Chairman Narayana Murthy, Director Professor Dholakia, members of the faculty, students, ladies and gentlemen:

It is a great honor to come back to deliver the convocation address at this great institute. It seems only the other day that I received my own diploma here, only the other day that I was making arbit CP in my marketing class, only the other day that we D-11'ites won the inter-dorm cricket tournament. I understand that D-11 has changed sex since, but it would be a fitting sign of the times if it won the cricket tournament again.
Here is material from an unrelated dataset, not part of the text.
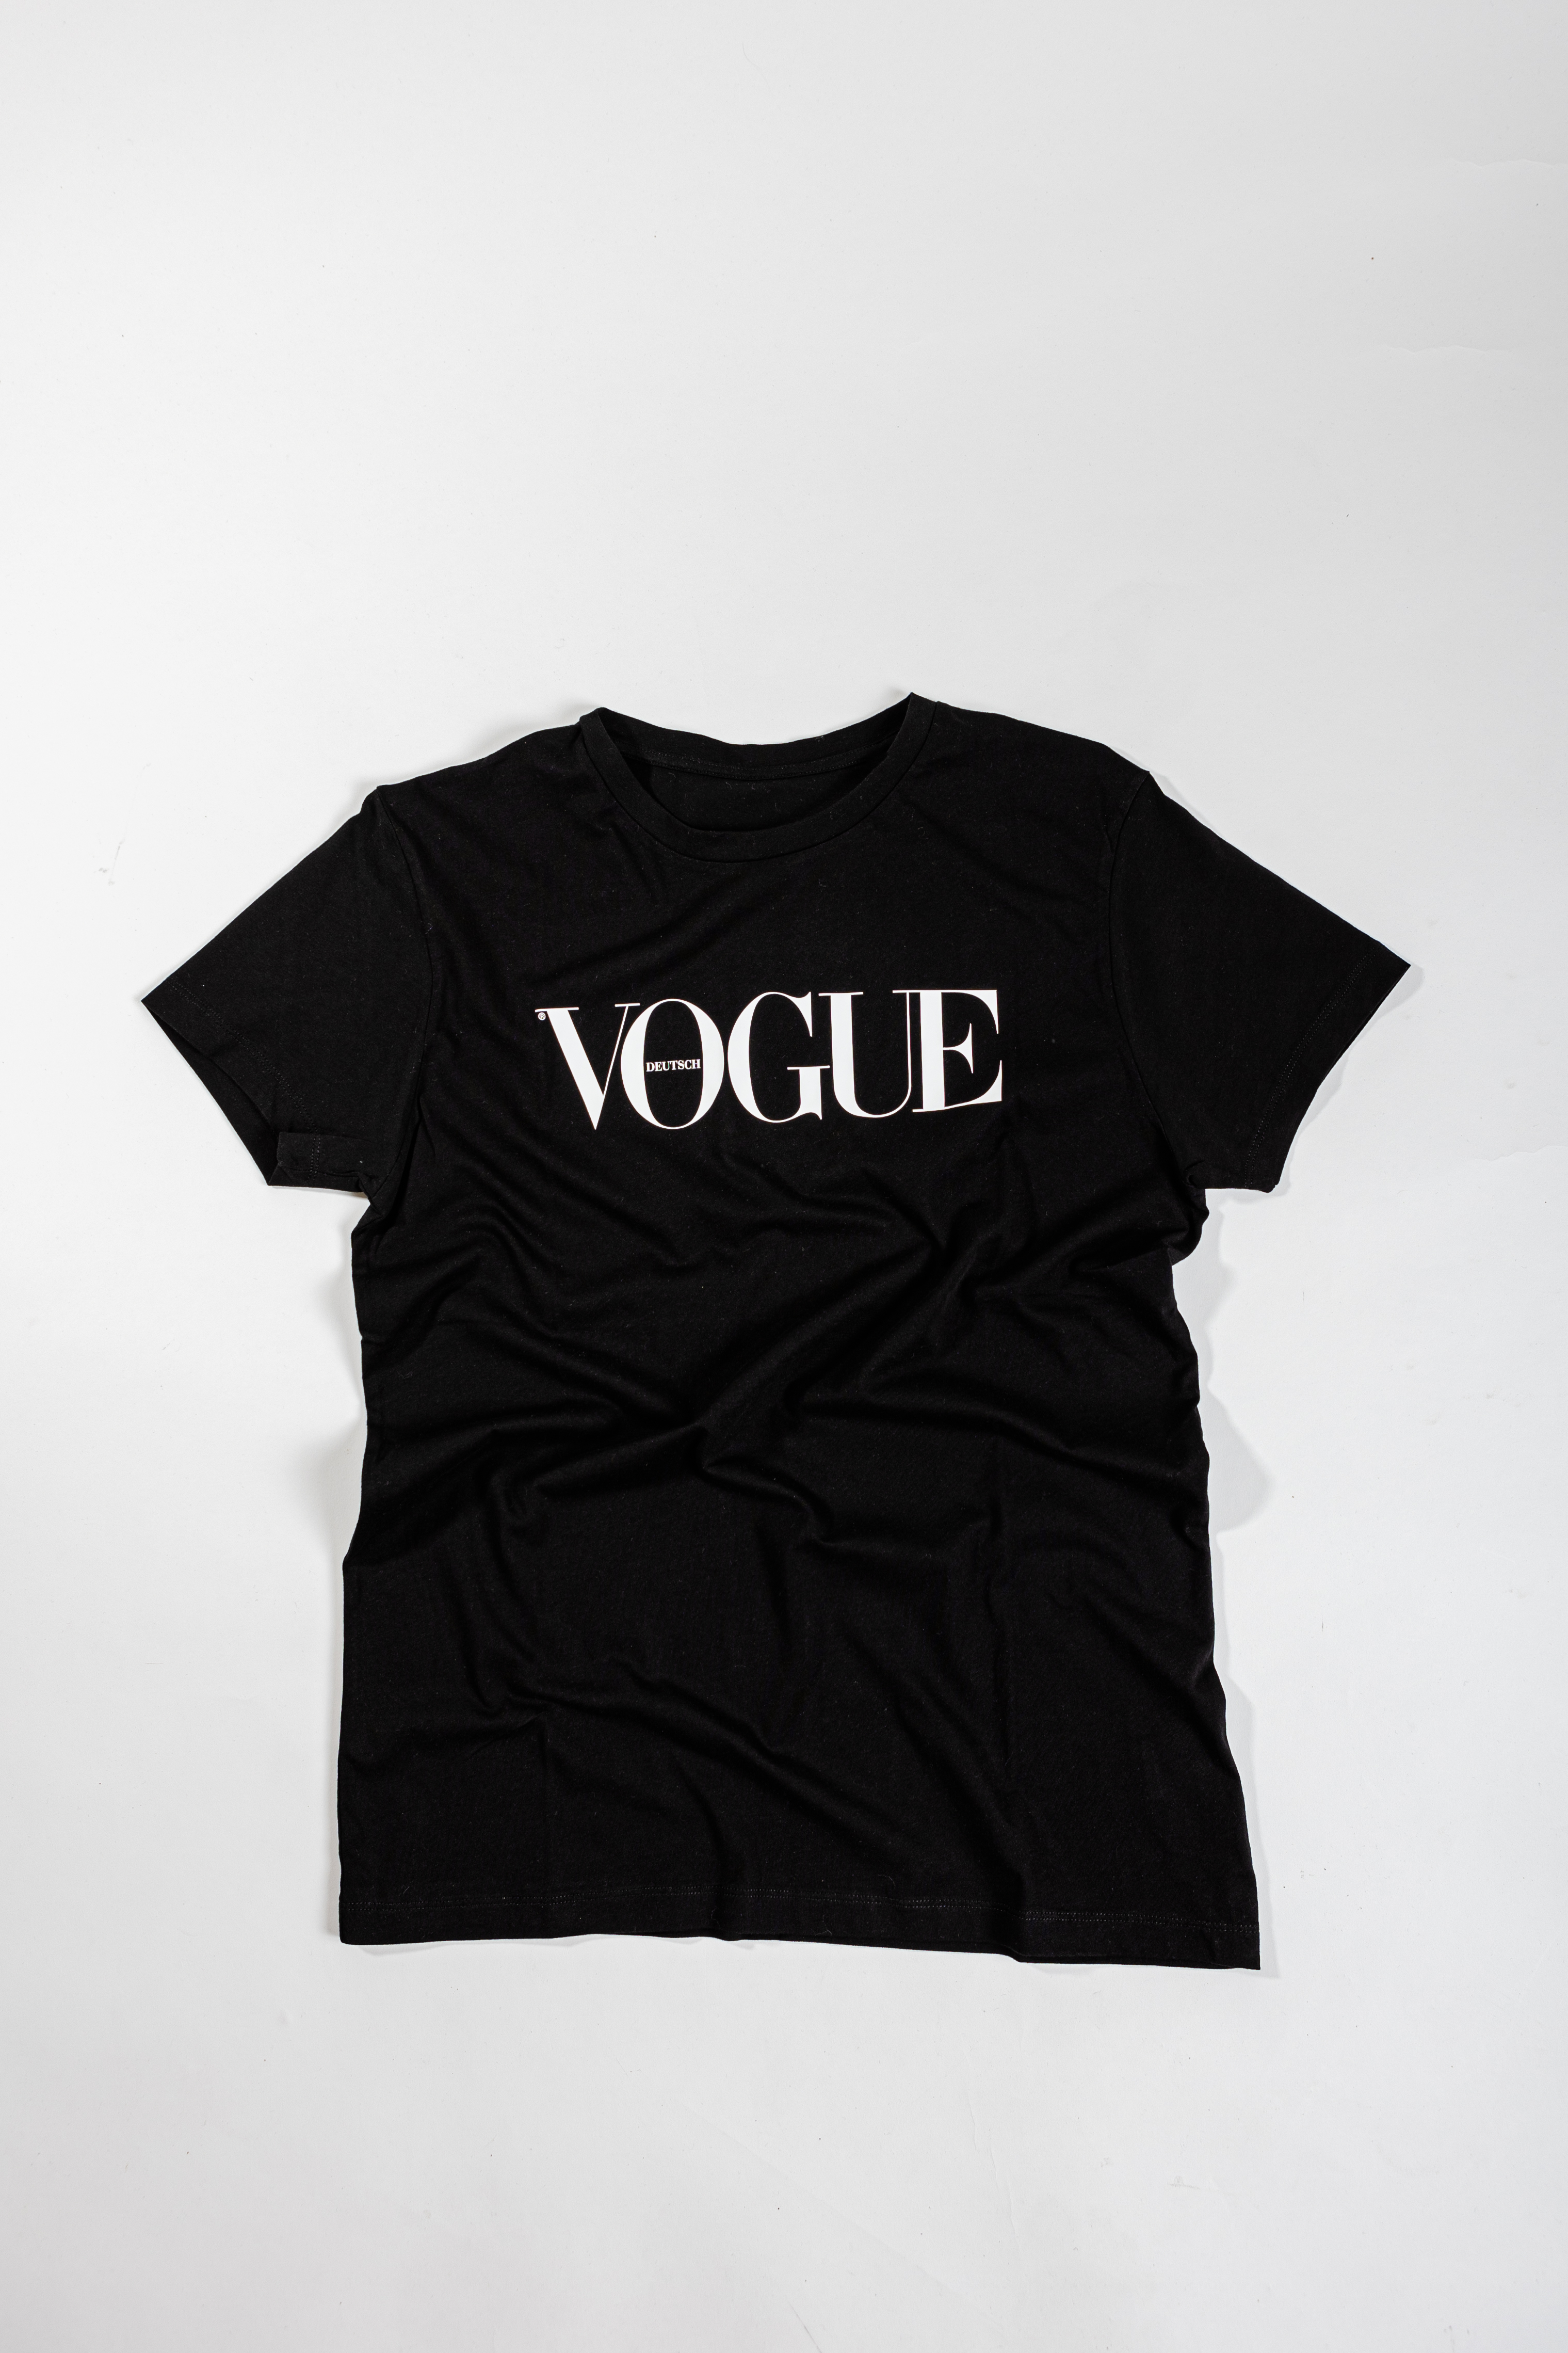 VOGUE T-Shirt schwarz S

For many of you, this day will be an extremely happy one. You are graduating from one of the finest management institutes in the world, with a splendid future in front of you. When you reach my age, India will, if all goes well, have eliminated poverty and be nudging into the ranks of the middle-income countries. Some of you will have climbed your way to the top of Fortune 500 companies, while others will have created them. Some will be charismatic political leaders, and some learned university professors. A number of you will choose to dedicate your lives to helping others through social work or by bringing up a family. The one certainty is that you will all face challenges - after all, that is what makes life exciting - but you will also have the training to overcome them. If you survived the first term at Ahmedabad, you can survive almost anything.

Undoubtedly, you will also be sad in the days to come. Ahmedabad creates a cocoon around you, surrounding you with the best and the brightest, only to tear it apart today so that all of you can be unleashed on the world. You will feel the loss of friends, of mentors, and of community. The knowledge that this is an essential part of the cycle of creation and destruction will be small consolation. But trust me, you will survive the loss, and one day, you will be back to share your experiences of the wider world with future generations of students.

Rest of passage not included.